Large Scale Agile development– Key danger and few tips

Solution The biggest danger to large scale Agile development spanning multiple releases  is complacency, and especially around following Agile practices.
For example: After doing the same daily stand-up for hundreds of times, a few teams get bored. They start skipping the daily stand-ups or try to tune in their own way.  
It becomes Scrum Master’s responsibility to ensure that the team gets back on track by identifying the team issues.  I have always found that talking to the team in a non-hostile way helps in identifying the root cause.
It is very important for Scrum Master not to force the practices but sell the idea through discussions and by empowering the team.
Here is a good article summarizing few key ideas for empowering the team.

Coming back to the point of complacency, how to avoid one ? 

Here are few tips
1. Change the structure or time or the location of say Daily stand-up after few months.  Instead of doing at 9 AM in the morning, you could do it at 3 PM. 

2. Identify and rotate the leaders to run some of the Agile practices.  Rotate the anchors. Give a chance to the back bencher to anchors the practices.  
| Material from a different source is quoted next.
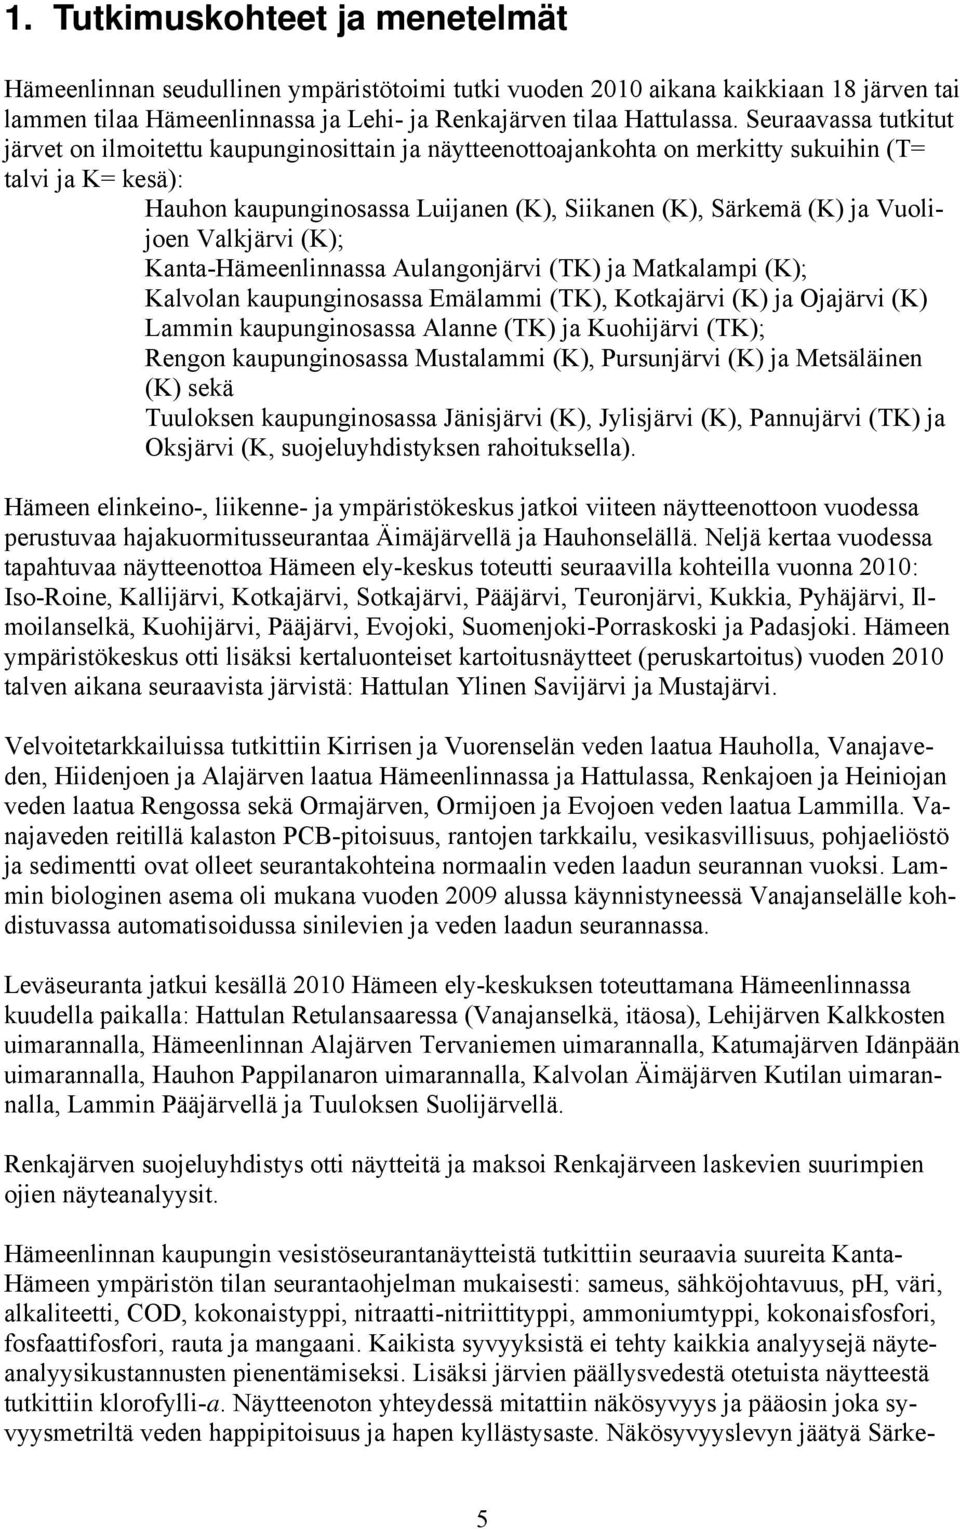 Vuolijoen Valkjärvi (K); Kanta-Hämeenlinnassa Aulangonjärvi (TK) ja Matkalampi (K); Kalvolan kaupunginosassa Emälammi (TK), Kotkajärvi (K) ja Ojajärvi (K) Lammin kaupunginosassa Alanne (TK) ja

3. Add or rephrase the questions for the daily stand-ups.

4. In one of the large scale Agile development I was leading, initially teams were using the questions “What is working well and Not working well” as part of Retrospective.
After a few months, I changed the questions to “What is working well and What we should do differently ?”
We started using Ideaboardz  for some time and switched over to “Discussion boards”.

5. Do a retro on these practices to get feedback from the team to assess their energy levels

One cannot avoid complacency in large scale and multi release Agile projects, however, by keeping the eyes and ears open, one could mitigate the risks.
Photo courtesy: http://www.freedigitalphotos.net/images/Ideas_and_Decision_M_g409-Solution__p23490.html

2 comments:

luke w - onedesk said...

Great comments to keep teams engaged. Routine can breed complacency. The most extreme example I’ve seen to avoid this is a an advertising agency which rips up their logo every six weeks and creates a new one in order to keep staff feeling fresh and motivated. Not a tactic that can be translated directly to every organization, but an interesting idea nonetheless.

Luke Winter
Community Manager
www.onedesk.com

Venkatesh Krishnamurthy said...

Absolutely, routines breed complacency.